To return to--and complete--the syllogisms I started in earlier installments:
- If materialism is true, then God did not create us and we are natural-social products.
- If God did not create us and we are natural-social products, then humans and human beings have no intentional cause and no personal means of discovering the transcendent intentions behind one’s life.
- If materialism is true, then human life is a brute fact and human learning is catch-as-catch-can.
Many people find it undesirable that human life would be unintended. These people, in my experience, translate their revulsion of the idea into several other arguments, such as those we saw briefly from Pastor Rick Warren. These people suggest that if materialism is true, then human lives don’t matter.
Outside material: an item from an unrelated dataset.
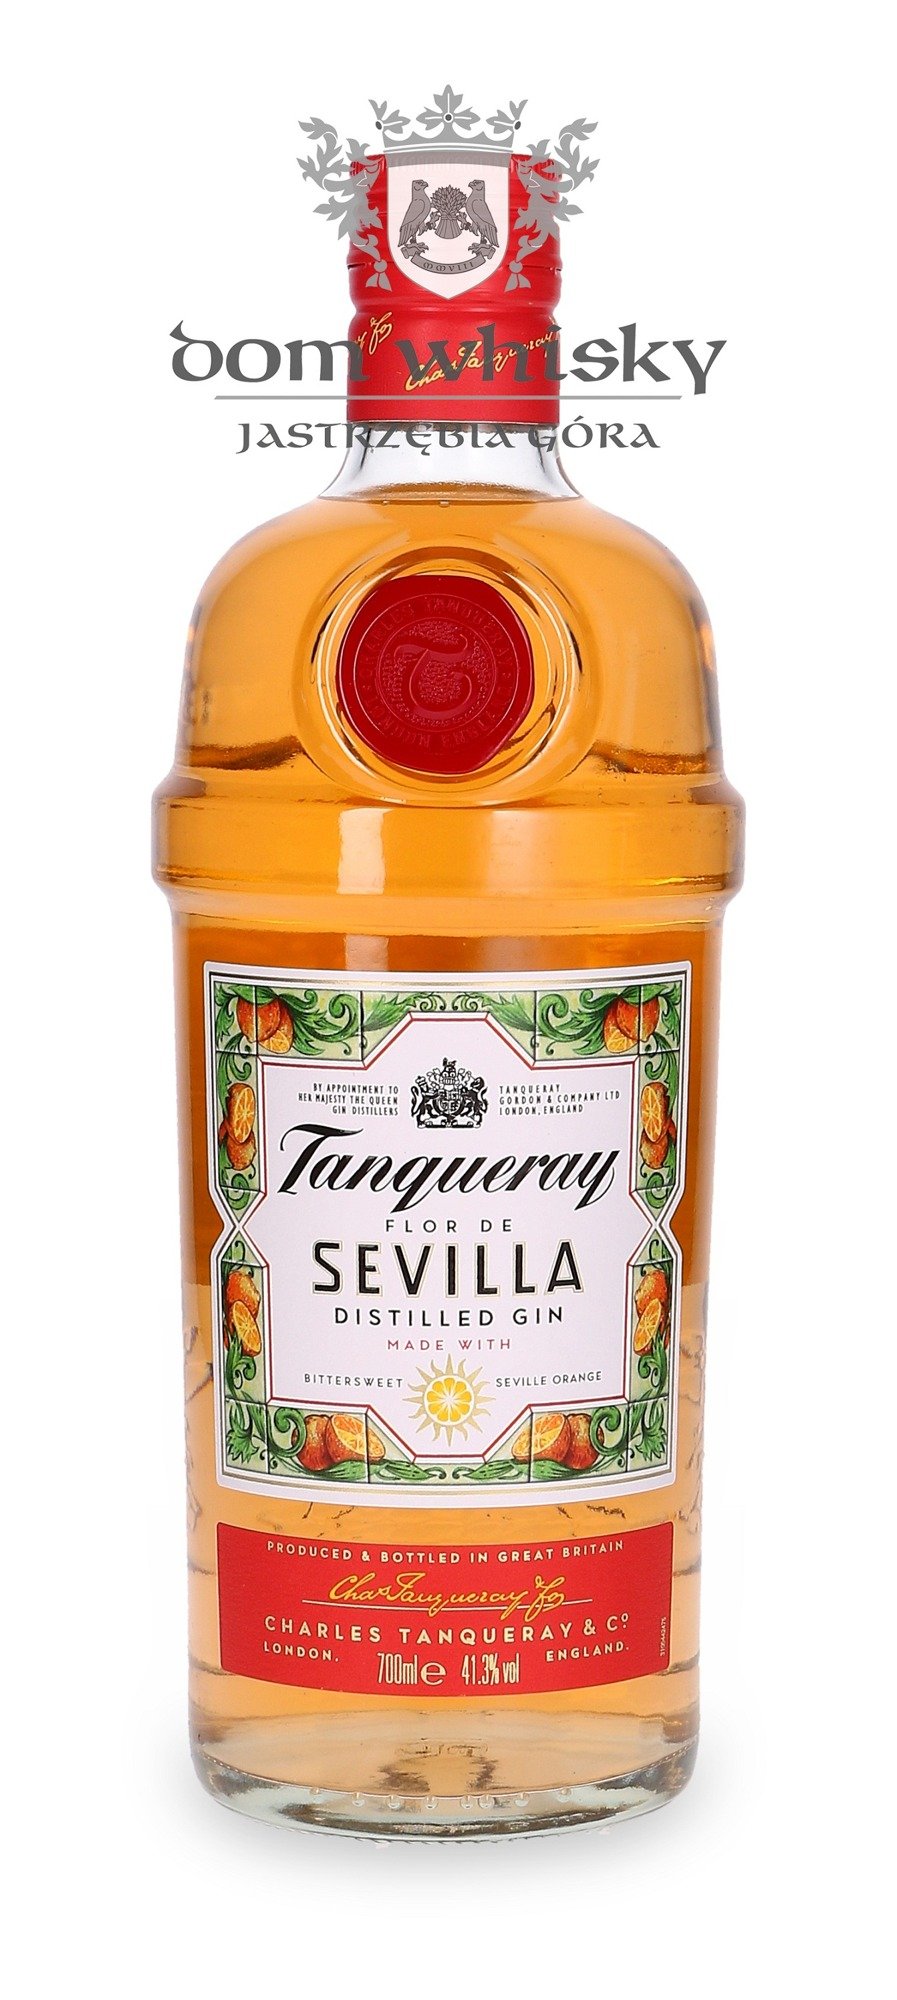 Tanqueray Flor de | 0,7l Dom Whisky 41,3%/ Distilled Sevilla Gin

It may indeed be true that our lives don’t matter in the workings of an unimaginably great universe. The life, wealth, goodness, and beauty of a single human being in the 12th century may not seem important from two or six or six-hundred galaxies away.
But is this the end of the story? If you volunteer time at a soup kitchen, or if you decide to work late rather than helping your child with homework, or if you share a laugh with someone who had before been sad—is the final word that these actions and decisions are not very important from six hundred galaxies away?
Yeah, it doesn't matter 600 galaxies away. It is not how human intention affects distance. I don't act hoping to permeate every inch of the universe. Physical reality is the substrate consciousness and intentions runs on. Consciousness matters to consciousness. Your blog doesn't matter to my computer, but it matters to me.